Introduction

Pull requests are the central workflow for code review on GitHub, but handling them efficiently at scale is a monumental challenge. For engineers, the Files changed tab must remain fast whether it's a one-line fix or a change spanning thousands of files. GitHub recently shipped a new React-based experience for this tab, aiming to boost performance for all users—especially those dealing with massive pull requests. By tackling optimized rendering, interaction latency, and memory consumption, the team set out to make the review process seamless. This article explores five critical strategies that helped reduce JavaScript heap sizes, slash DOM node counts, and improve Interaction to Next Paint (INP) scores, ensuring a responsive experience for every reviewer.

1. Focused Optimizations for Diff-Line Components

The core of any pull request is the diff—the lines showing changes. To keep medium and large pull requests fast, GitHub engineers invested in targeted optimizations for diff-line components. They focused on making the primary diff experience efficient without sacrificing expected behaviors like the browser's native find-in-page functionality. By streamlining how diff lines are rendered, they reduced the overhead of creating and updating these elements. This means users can scroll through changes, expand code snippets, and apply comments without noticeable lag. The improvements are especially noticeable in pull requests with hundreds of files, where previously the UI would become sluggish. Back to top

2. Graceful Degradation with Virtualization

For the most extreme pull requests—those spanning millions of lines—even optimized rendering can hit a ceiling. GitHub implemented a graceful degradation strategy using virtualization. Instead of rendering every line at once, the system limits what is displayed to only the visible portion of the screen plus a small buffer. This approach keeps the page responsive and stable, preventing memory from ballooning. It also ensures that essential interactions, like scrolling and clicking diffs, remain smooth. Users working on monstrous changes no longer experience the dreaded slowness or crashes that could occur when the DOM grew beyond 400,000 nodes. Back to top

3. Investing in Foundational Rendering Improvements

Performance gains aren't just for large pull requests—they compound across every review. GitHub invested in foundational component and rendering improvements that benefit all users. By optimizing how React components update and re-render, the team reduced unnecessary work. For example, they fine-tuned state management and avoided redundant calculations. These changes might be invisible in a small pull request, but they eliminate the cumulative drag that can make everyday reviews feel slow. The result is a snappier experience across the board, from tiny fixes to massive refactors. These improvements also laid the groundwork for future optimizations. Back to top

4. Measuring What Matters: INP, Heap Size, and DOM Nodes

To know if changes truly improve performance, GitHub measured key metrics. Interaction to Next Paint (INP) became a critical indicator of responsiveness—high INP scores meant users felt input lag.
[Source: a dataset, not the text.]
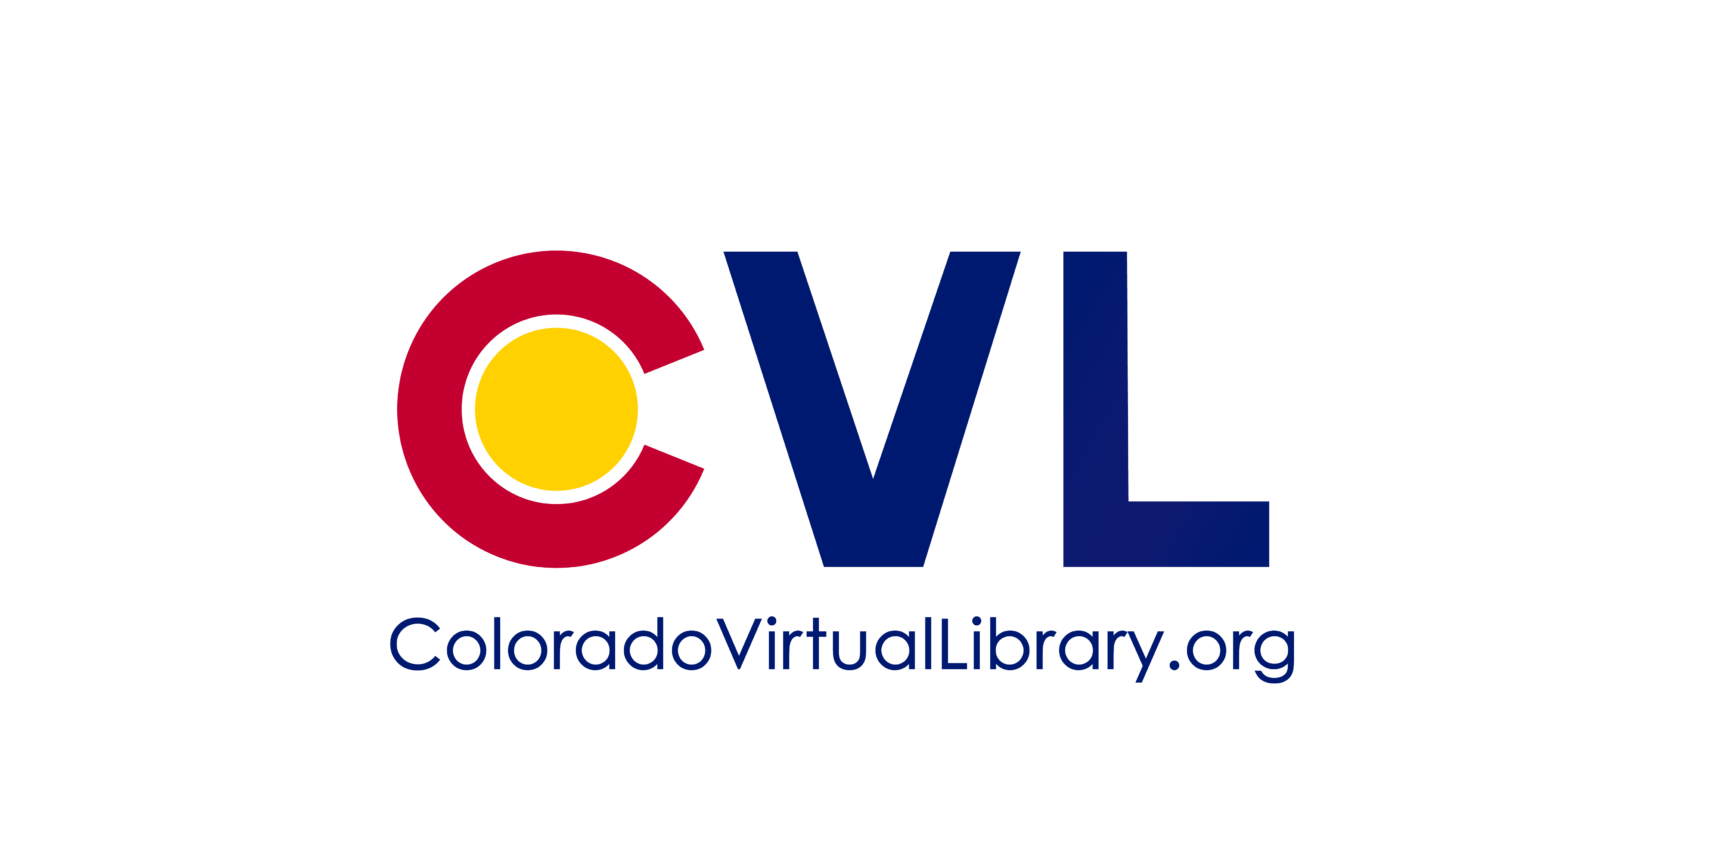 Colorado Virtual Library Logo

They tracked JavaScript heap size, which in extreme cases exceeded 1 GB, and DOM node counts that surpassed 400,000. By consistently monitoring these numbers, the team could quantifiably evaluate each optimization. For instance, after applying the strategies above, heap size dropped significantly, INP scores fell below acceptable thresholds, and the UI became usable even for the largest pull requests. This data-driven approach ensured efforts were focused where they mattered most. Back to top

5. Iterative Trade-Offs: No Silver Bullet

GitHub learned early that there is no single solution to pull request performance. Techniques that preserve every feature and browser-native behavior hit a ceiling at extreme ends, while mitigations for worst-case scenarios can harm average-case reviews. Instead, they adopted a set of strategies tailored to different pull request sizes and complexities. This iterative, layered approach allowed them to fine-tune trade-offs: for most reviews, they keep the full feature set; for the largest, they gracefully degrade. The team continues to monitor and adjust, emphasizing that performance is an ongoing journey. The key is to balance speed, stability, and feature completeness. Back to top

Conclusion

By combining targeted optimizations, smart degradation, foundational improvements, rigorous measurement, and pragmatic trade-offs, GitHub has transformed the pull request review experience. Whether you're reviewing a quick fix or a massive overhaul, the Files changed tab now stays fast and responsive. These strategies offer a blueprint for any engineering team facing similar scaling challenges. Remember, the climb may be uphill, but with the right strategies, you can reach the peak of performance.